This is an ambitious government. In just nine months they’ve loudly signalled intentions to transform the housing market, the carbon economy, the education system, the health system, the tax system and the welfare system. But it’s also a very constrained government. Unlike her predecessors – who had options when building support for legislation, and/or single seat client parties who would vote the way they were told – Ardern’s government needs to negotiate support from both confidence and supply partners for every bill that passes, a process even more fraught and problematic than it sounds because one of those partners is New Zealand First.

Few members of Ardern’s caucus have any Cabinet experience; most ministers from the Clark administration were purged during the bitter factional warfare that marked Labour’s time in opposition. Nor did many of the current ministers distinguish themselves as effective opposition MPs. Far from winning power by presenting a competent alternative government they’ve lucked into it by a sequence of random, dumb accidents: Key’s resignation; Turei’s speech; Little’s resignation; Jacindamania; Winston’s choice.
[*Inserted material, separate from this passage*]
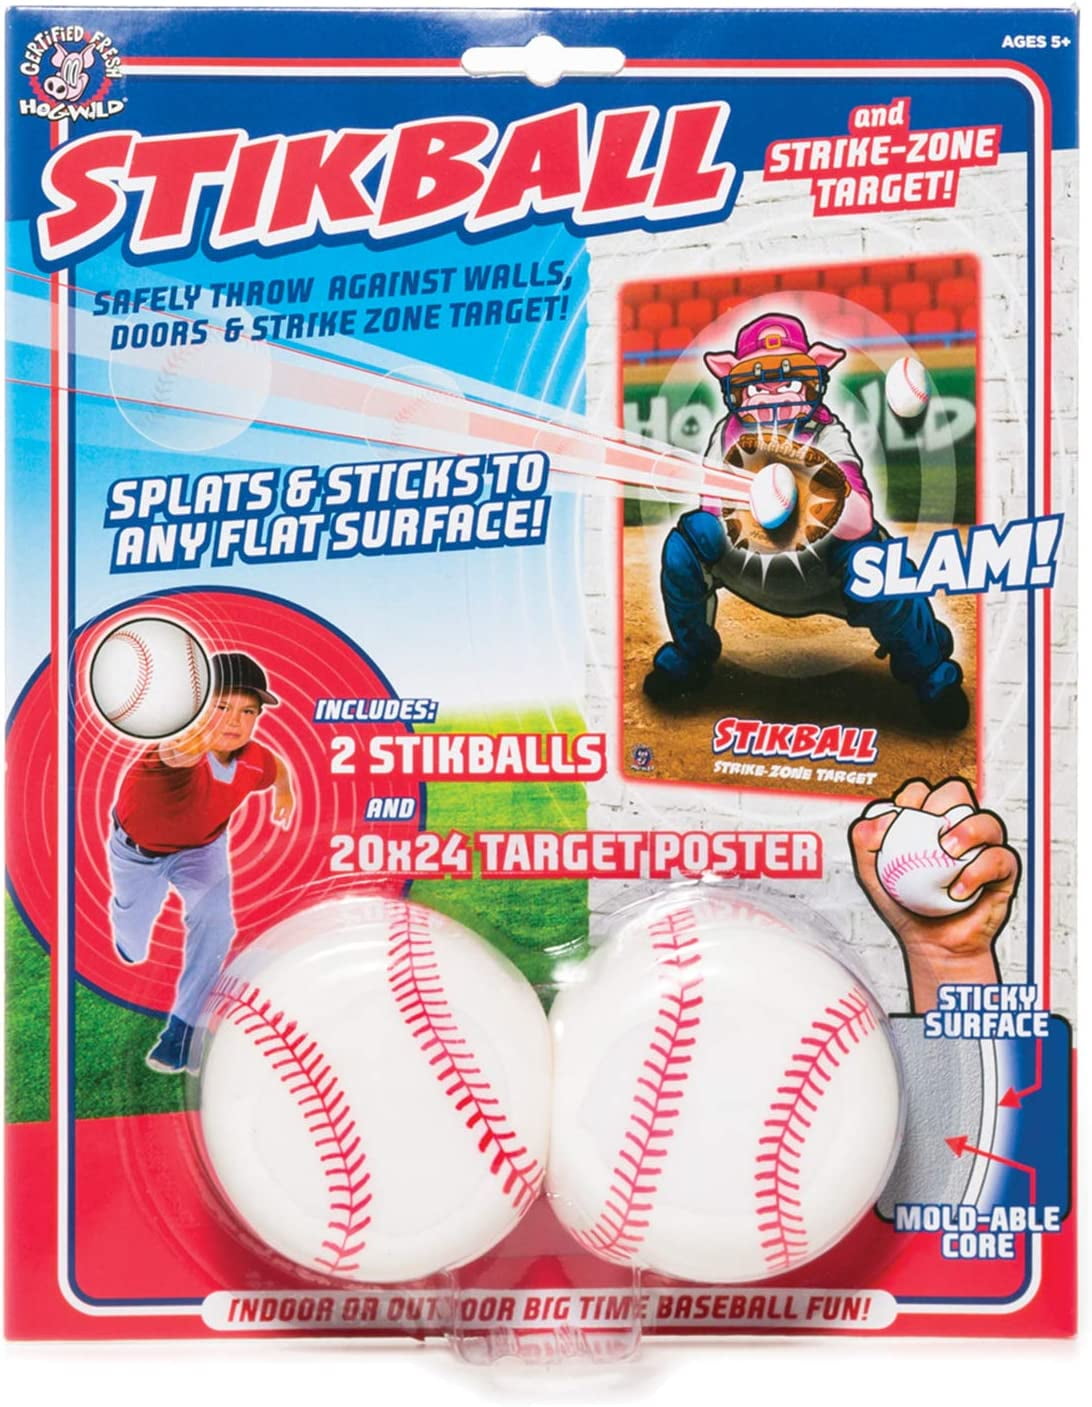 Hog Wild Stikball and Strike-Zone Target - Squishy Stikball Baseball and Sticks to Strike-Zone Target - Ages 4+ - Walmart.com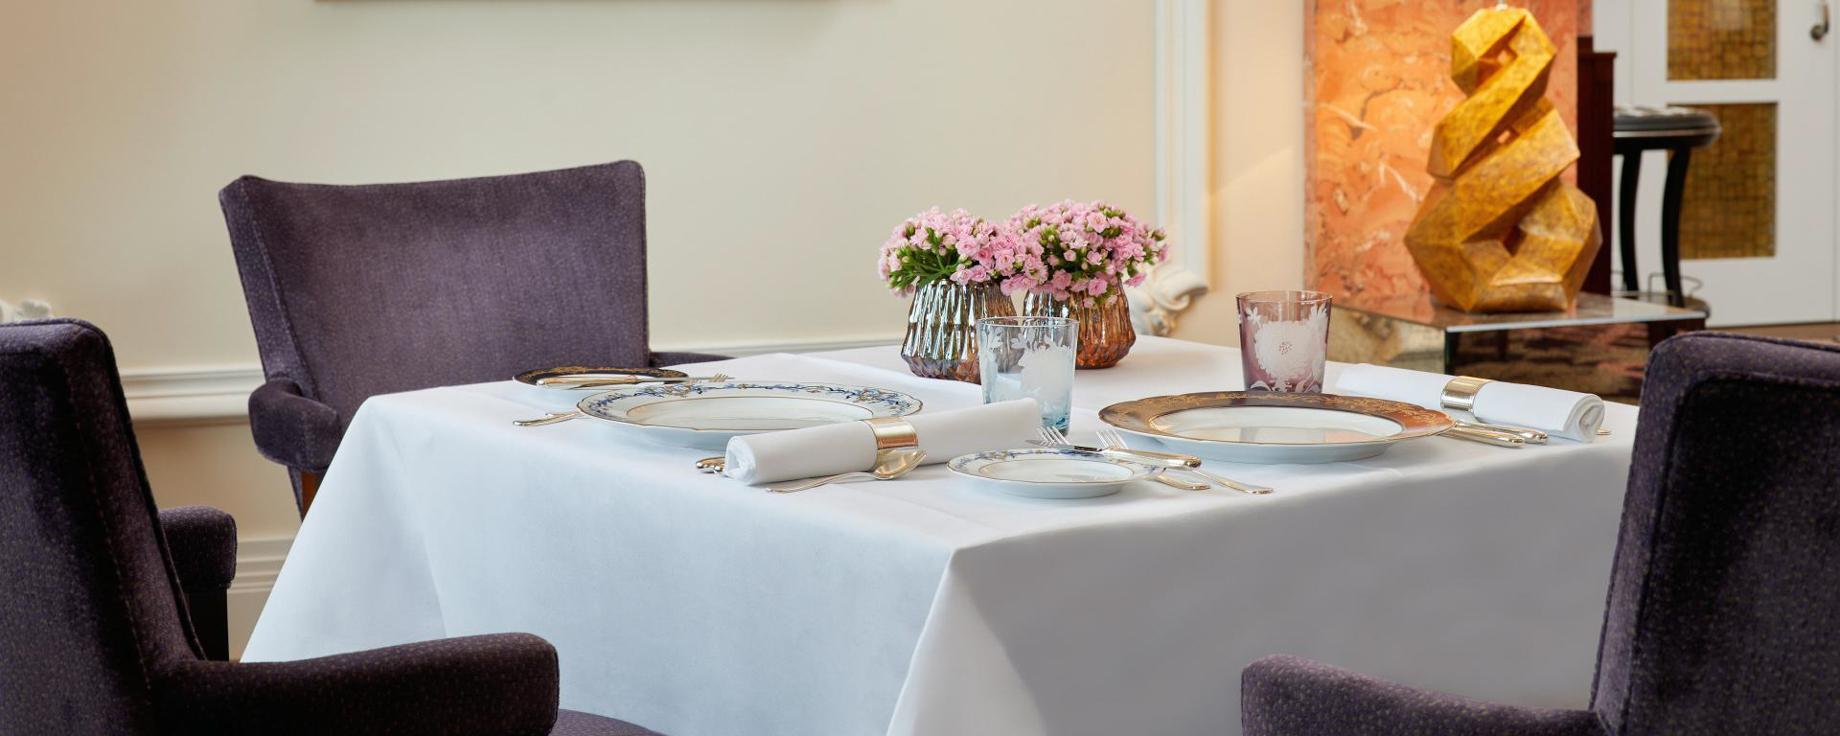 Palace Hotel – Burgenstock Hotels & Resort – Obburgen, Switzerland – Table Setting

There’s an old political adage that you only need four or five strong, competent ministers to run the country; it’s not clear Ardern has that many to work with. And yet despite, or perhaps because of this, some ministers are already displaying the election-losing arrogance that it took National’s cabinet three terms – and three election victories – to build up to.

While operating under these limitations the government also has to contend with a popular, united and well resourced opposition party and, for the next six weeks, the absence of Ardern. Her leadership, just about the only thing keeping the ship of state afloat, will be replaced by Peters, a divisive, vastly experienced and sometimes brilliant but often erratic and self-destructive figure who is just as likely to scuttle the ship in a fit of pique as to steer it away from the rocks.

Most of these are problems without solutions. What the government can control is the scale of its ambition and the political management around what it delivers. Given the way things are going does it still seem like a good idea to review and reform virtually every aspect of the state simultaneously, or would it make more sense to focus the government’s limited attention and resources on a few key areas such as, say, the housing crisis, a vital piece of work with a faltering minister under pressure from one of the opposition’s most formidable antagonists?

I like this government, but I feel like it spends a lot of time making sure that people like me – educated urban liberals who are very unlikely to vote National – like it and not enough time appealing to the soft National voters who people like me don’t really like, but without whom a second term is increasingly unlikely, like it or not.

The direction of the government for the six weeks in which Ardern is on parental leave and Winston Peters runs the country will probably be, like so much of parenthood itself, impossible to plan, predict or comprehend. But there’s an opportunity after that, when Ardern returns. An opportunity for a reset: a return to sanity, a chance to let the soothing tides of New Zealand politics begin, and cease, then again begin. To calm the fuck down, basically, start thinking and acting strategically and be a government that will do important things well for nine years instead of everything badly for three. I’d like that.